What the exercise asks: The output should be the listing below, limited to the lines from the one with "Chanel Pink Explosion" through the one with "TOKYO AFTER HOURS", exact and without pictures.

Recorded information:
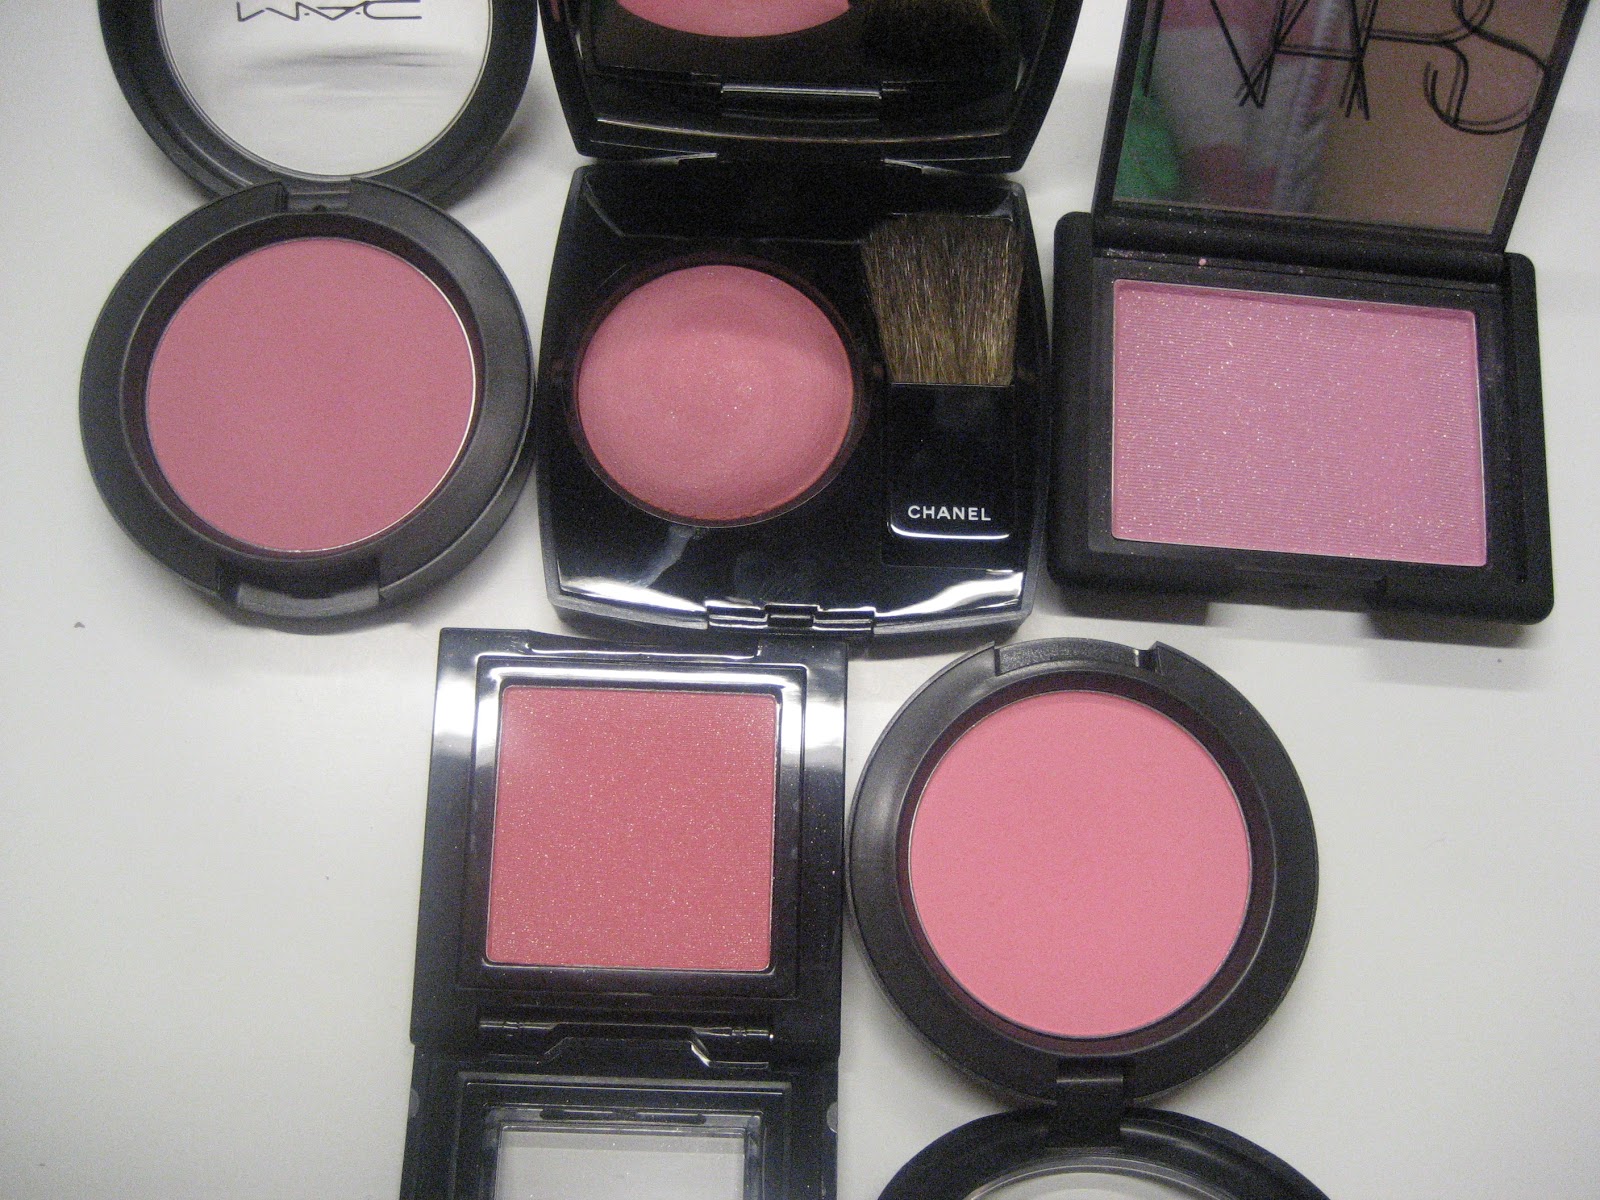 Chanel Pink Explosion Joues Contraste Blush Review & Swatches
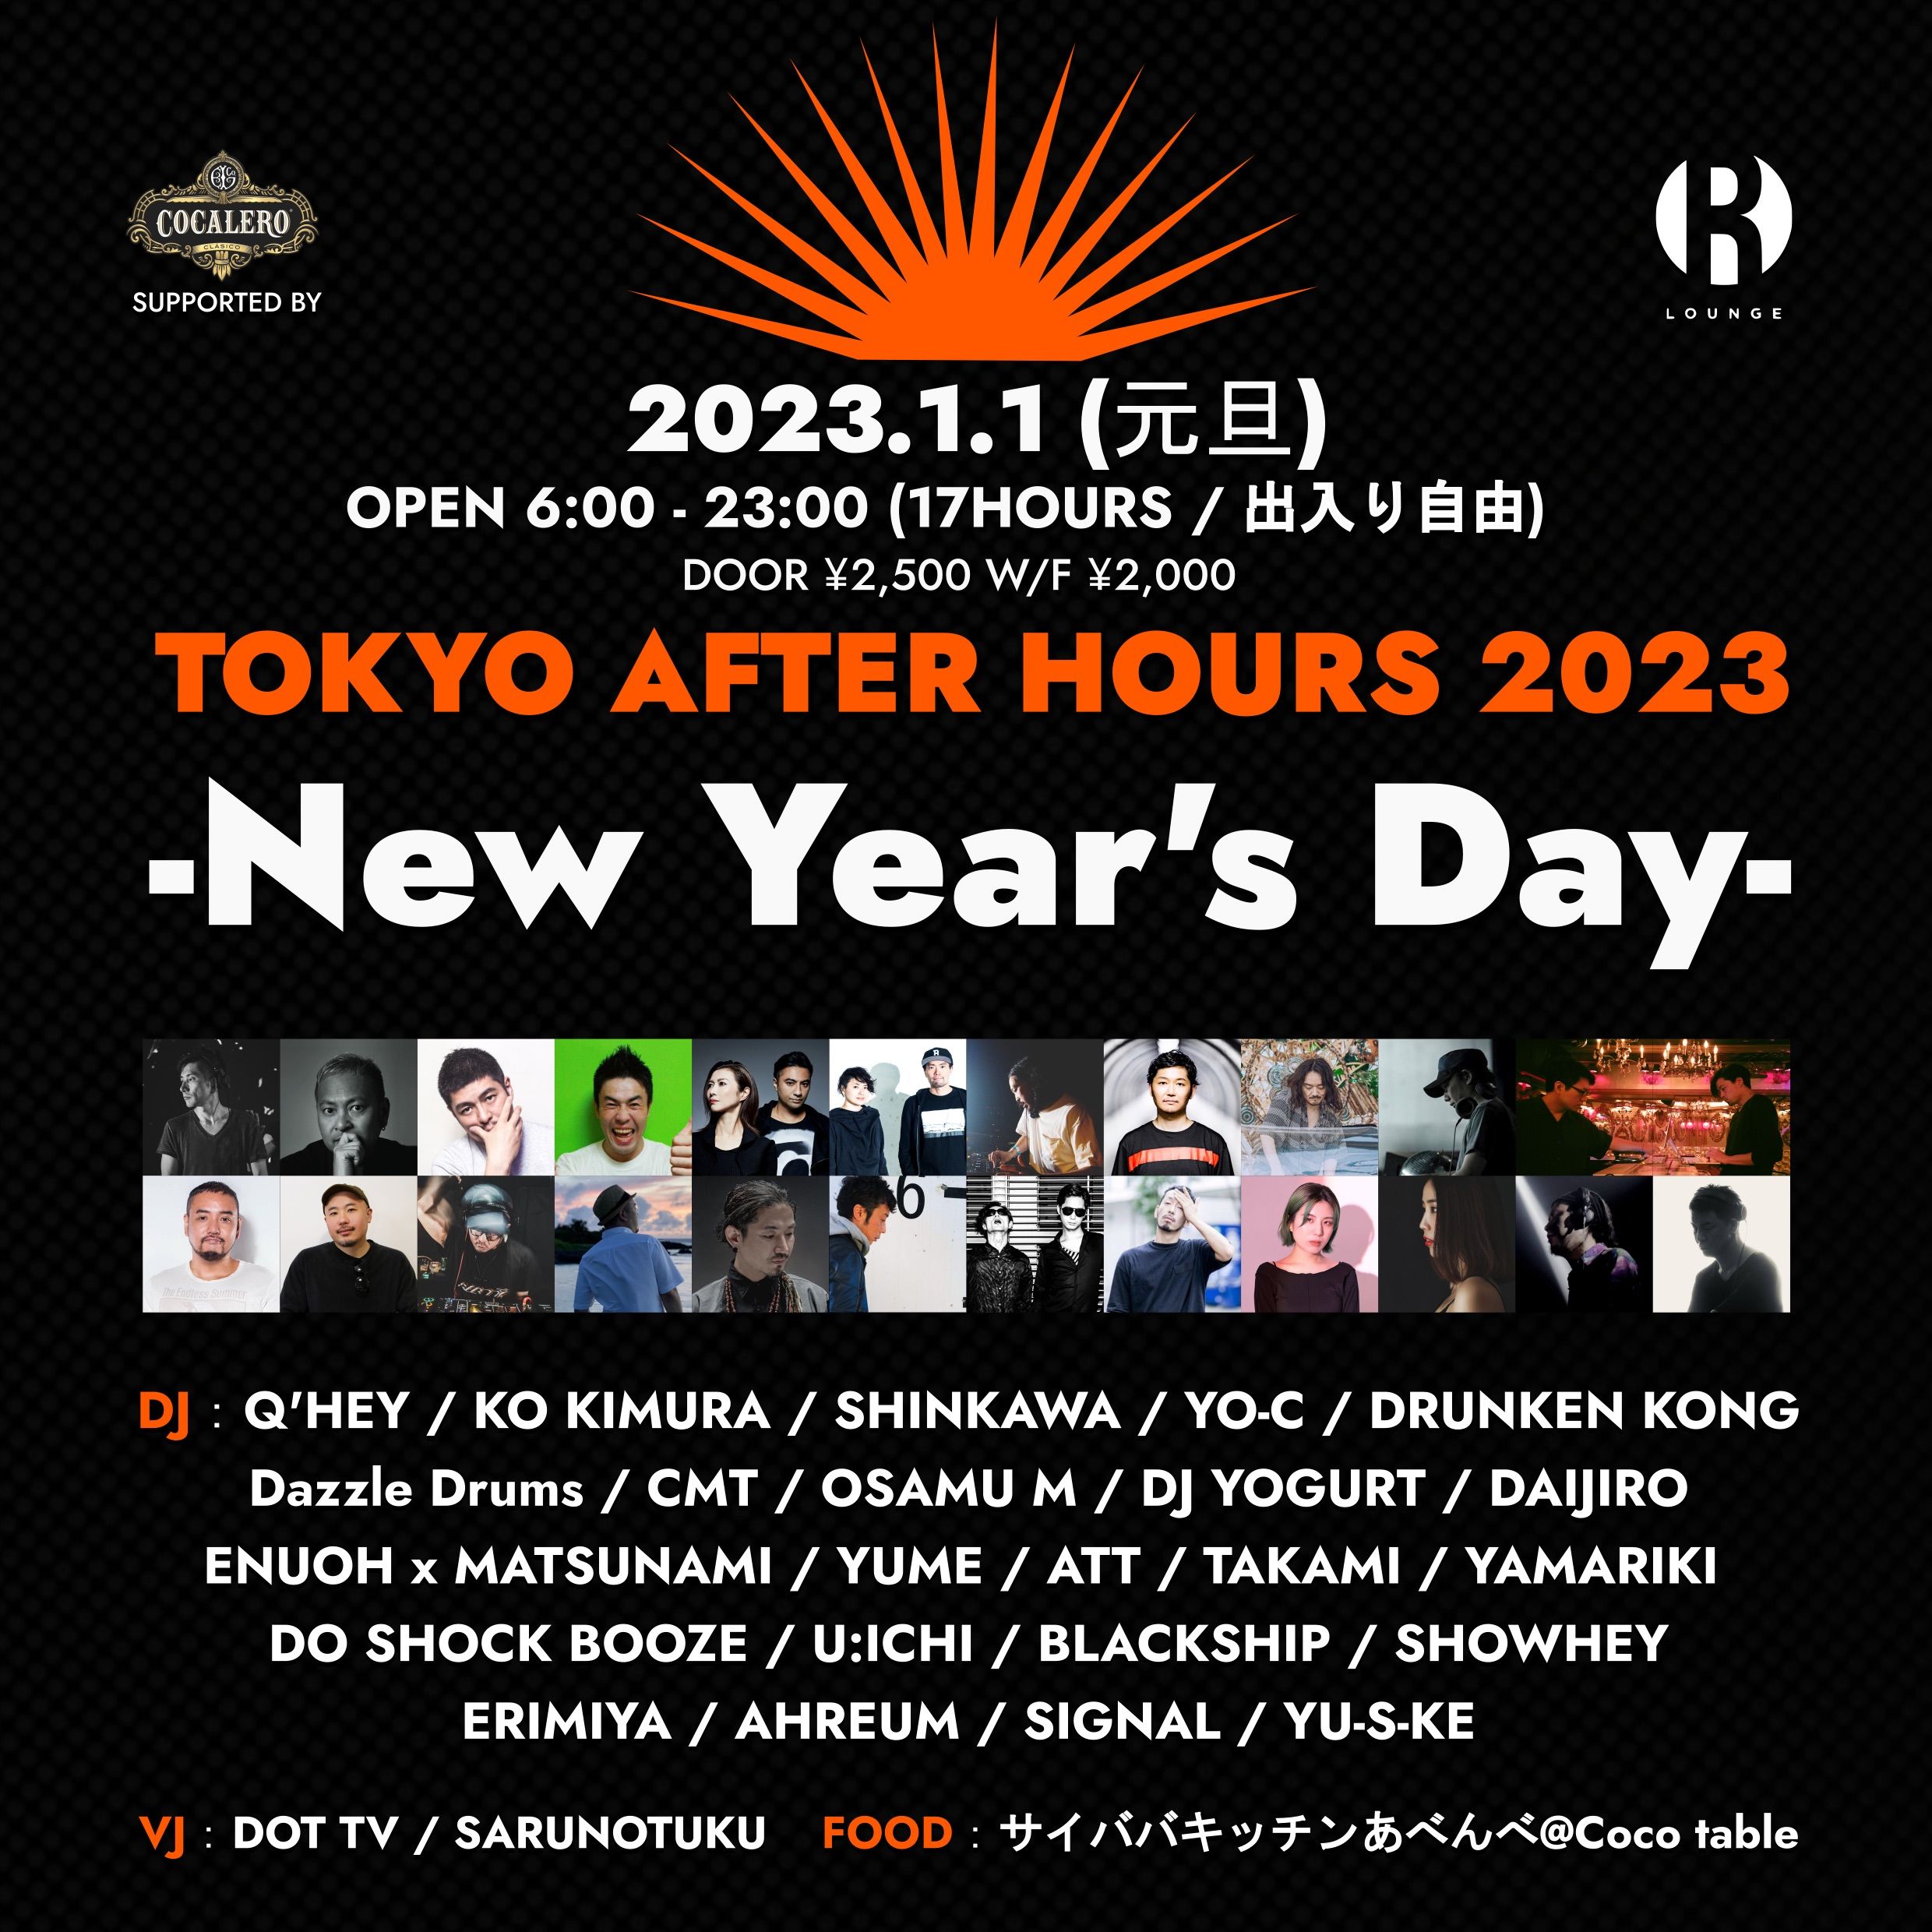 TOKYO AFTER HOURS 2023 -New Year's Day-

---

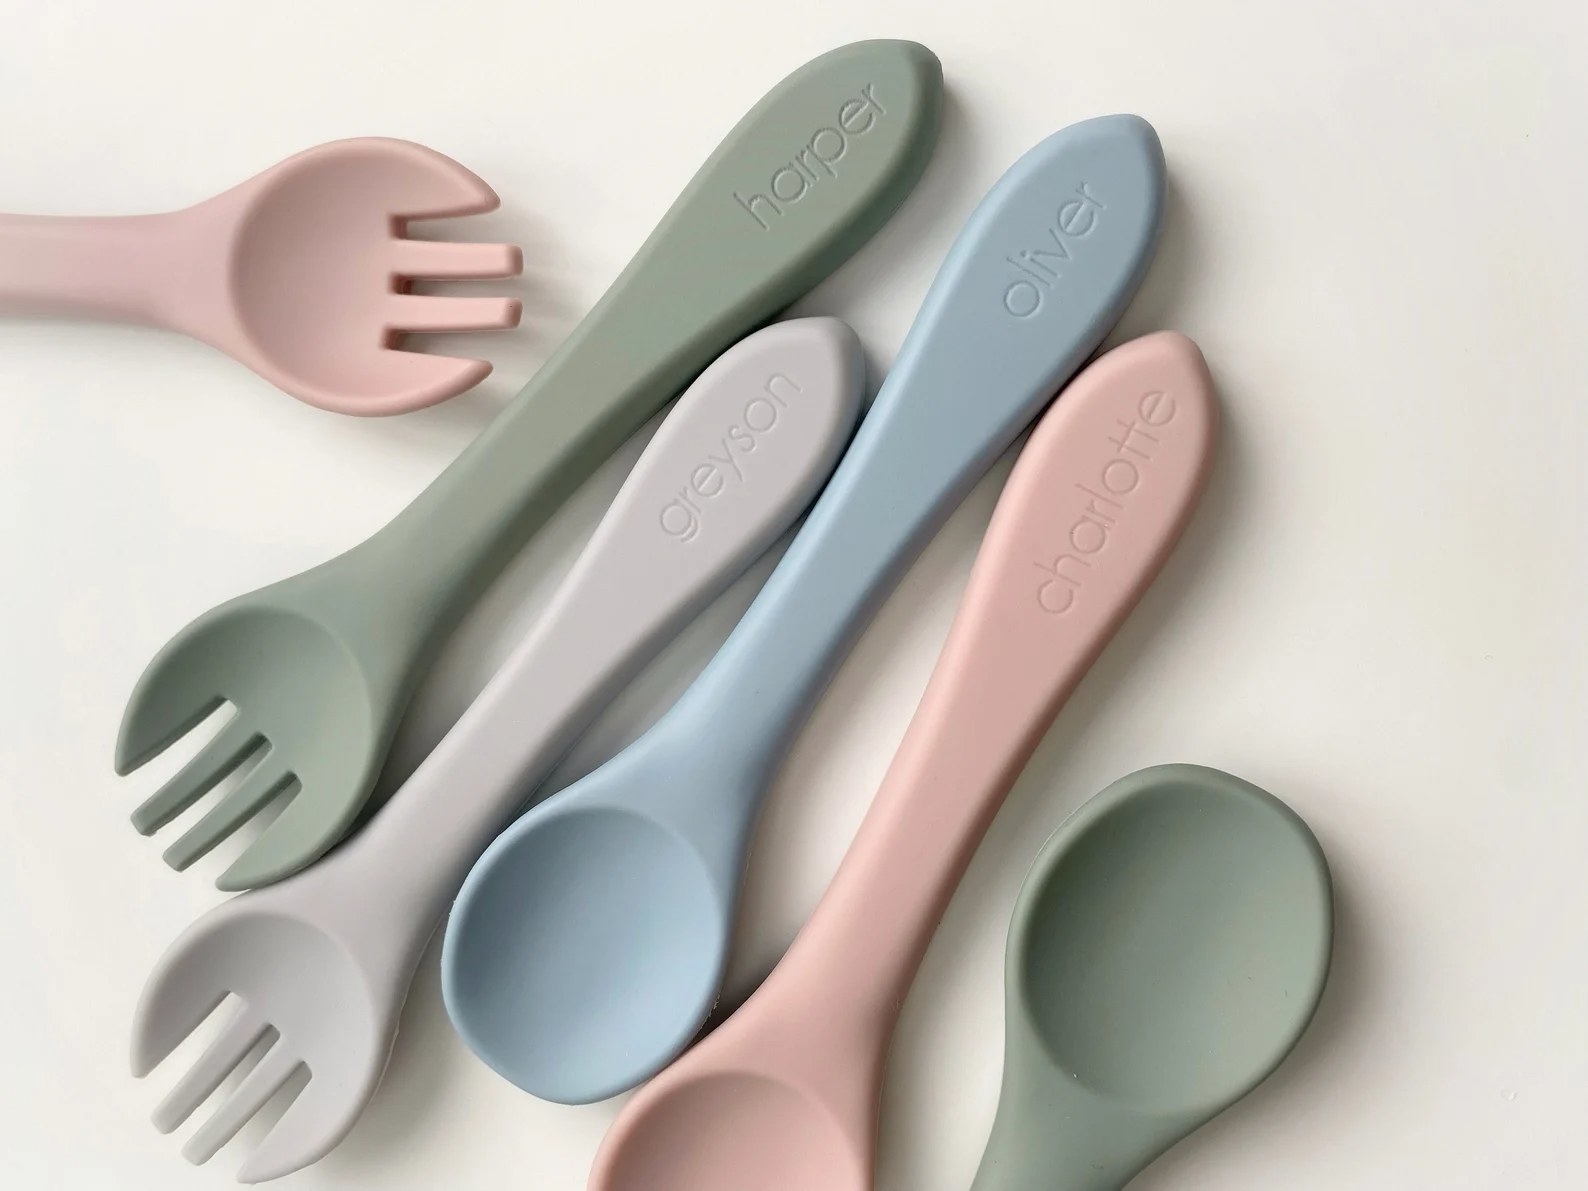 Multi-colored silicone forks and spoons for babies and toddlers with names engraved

Response box:
 Chanel Pink Explosion Joues Contraste Blush Review & Swatches
 TOKYO AFTER HOURS 2023 -New Year's Day-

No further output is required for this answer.